Even the present conditions mean that each dormitory cell still holds one-and-a-half times the number of accused men of its maximum capacity. The consequent squalor is 
that those men not members of a gang must either sleep on the floor, or two per bed. Tuberculosis, not to mention sexual violence and HIV, all spread in such conditions.

Parliament has by popular demand passed laws which quadrupled the number of criminals serving 20 years to life imprisonment. But it has not started a concomitant programme of building the extra jails that are the consequences. 

It would be sensible to build a new prison in the Atlantis industrial area, so the prison warders and service providers could also create some employment in this hot spot for unemployment.

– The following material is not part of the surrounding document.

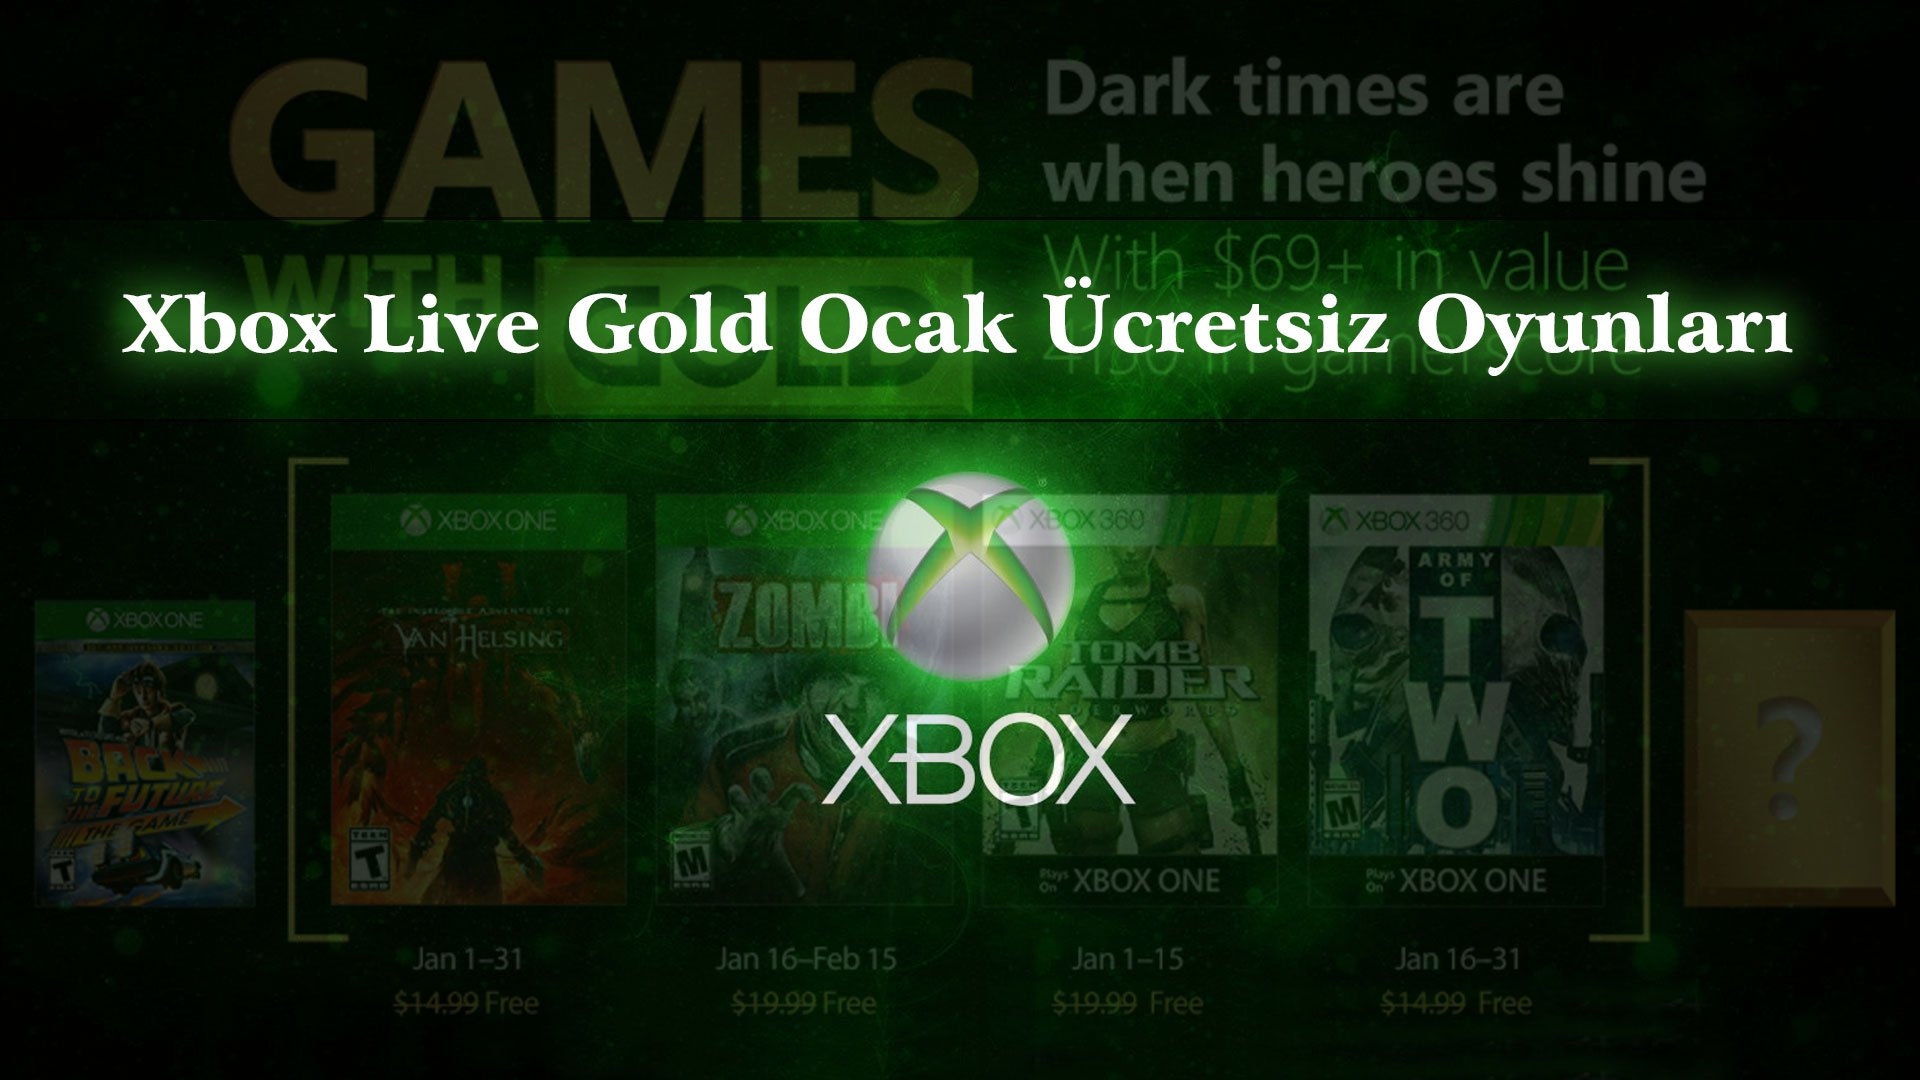 Xbox Live Gold 2019 Ocak Ayı Ücretsiz Oyunları

Another still persisting problem at Pollsmoor Prison is its weird routine of serving lunch around 11am and supper around 2pm. This means the inmates are left to starve for 14 hours before breakfast. 

They learn the hard way 
to hoard two slices of dry bread from their “lunch” for eating around sunset. One consequence of crumbs is to increase the occurrence of cockroaches and fungi.

Surely the parliamentary portfolio committee on correctional services should press for normal mealtimes? Or do we have to wait for some NGO to litigate over the Dickensian conditions?

Far too few reforms have taken place in the 32 years since I was detained without trial in Pollsmoor Prison.